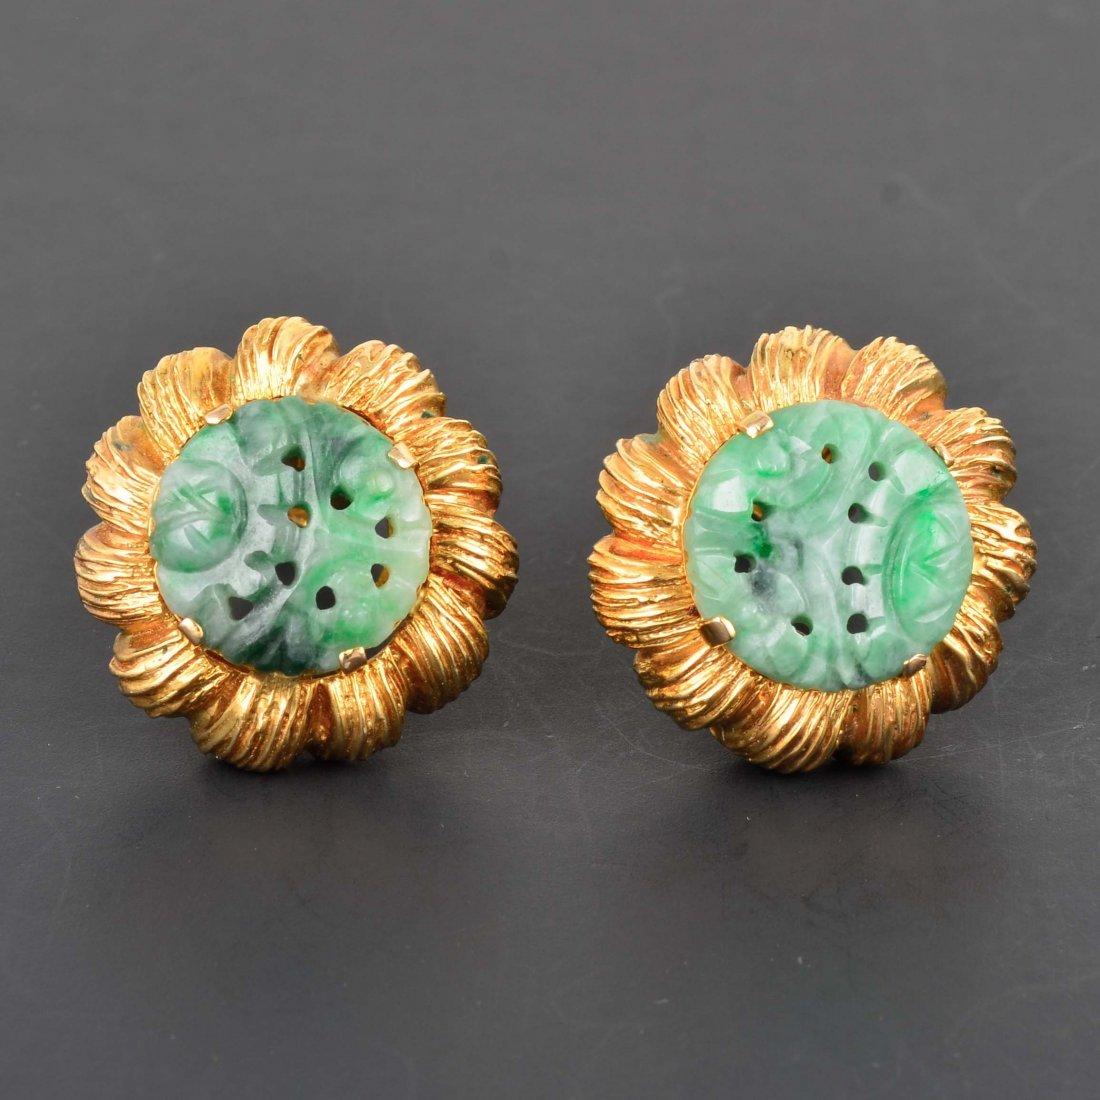 14K YG Carved Jadeite Clip-On Earrings
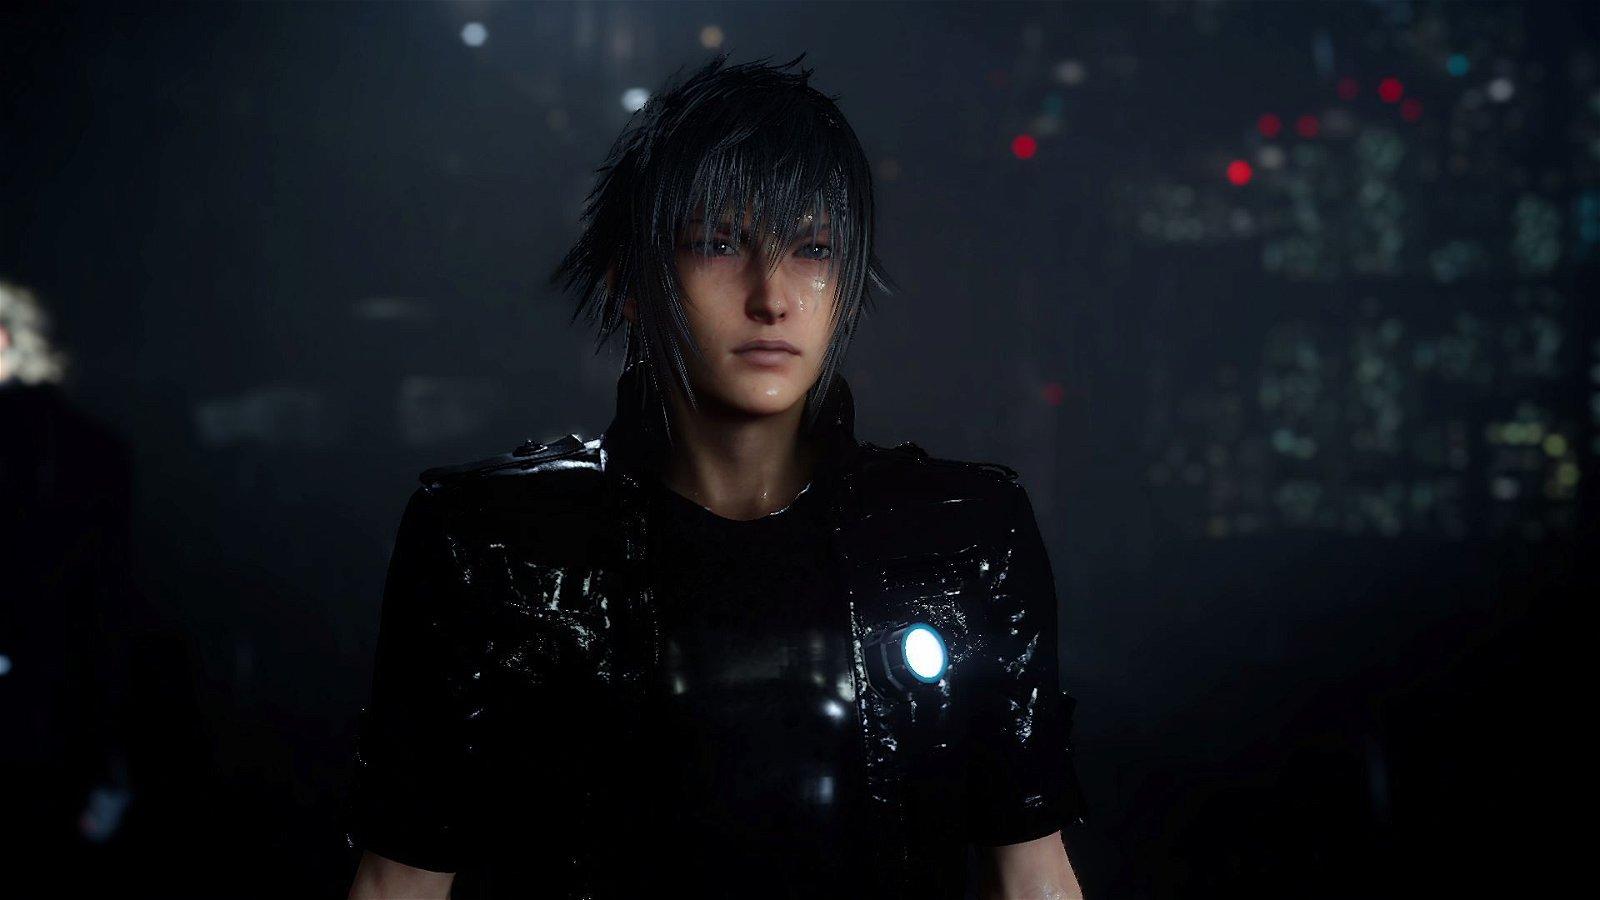 Final Fantasy Xv News Roundup 1
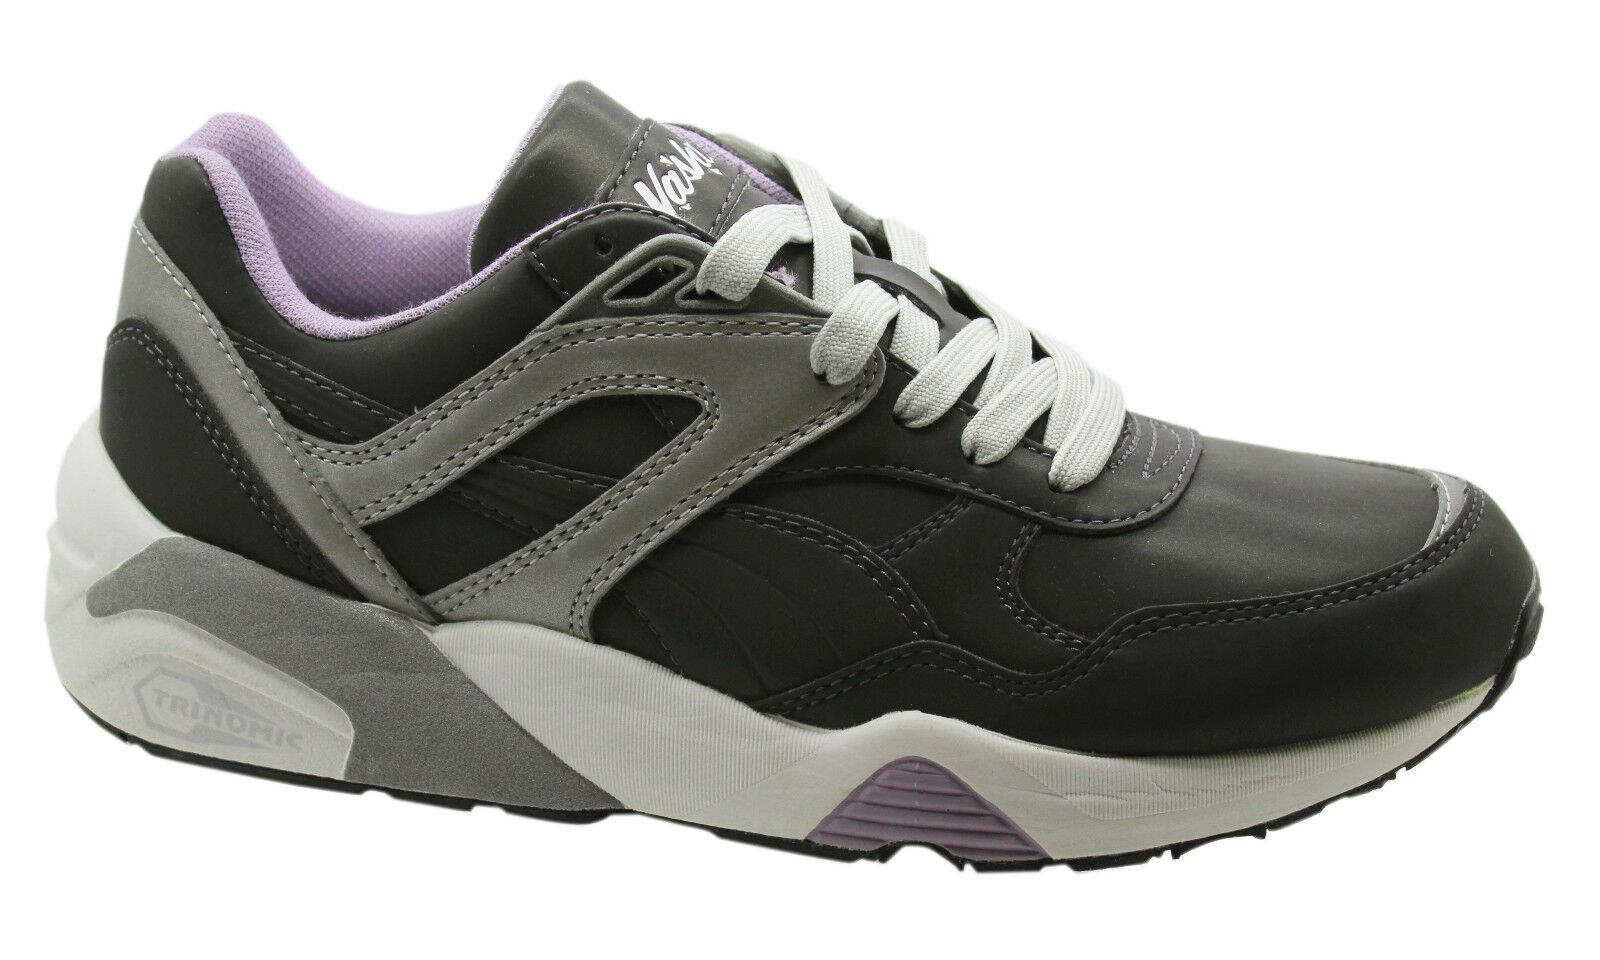 Puma Trinomic R698 x vashtie 90s 3m Zapatillas de mujer Zapatos Con Cordones Cheap women's shoes women's shoes

**Brief**
Please copy the data shown above word for word, omitting the pictures.

**Your solution**
 14K YG Carved Jadeite Clip-On Earrings
 Final Fantasy Xv News Roundup 1
 Puma Trinomic R698 x vashtie 90s 3m Zapatillas de mujer Zapatos Con Cordones Cheap women's shoes women's shoes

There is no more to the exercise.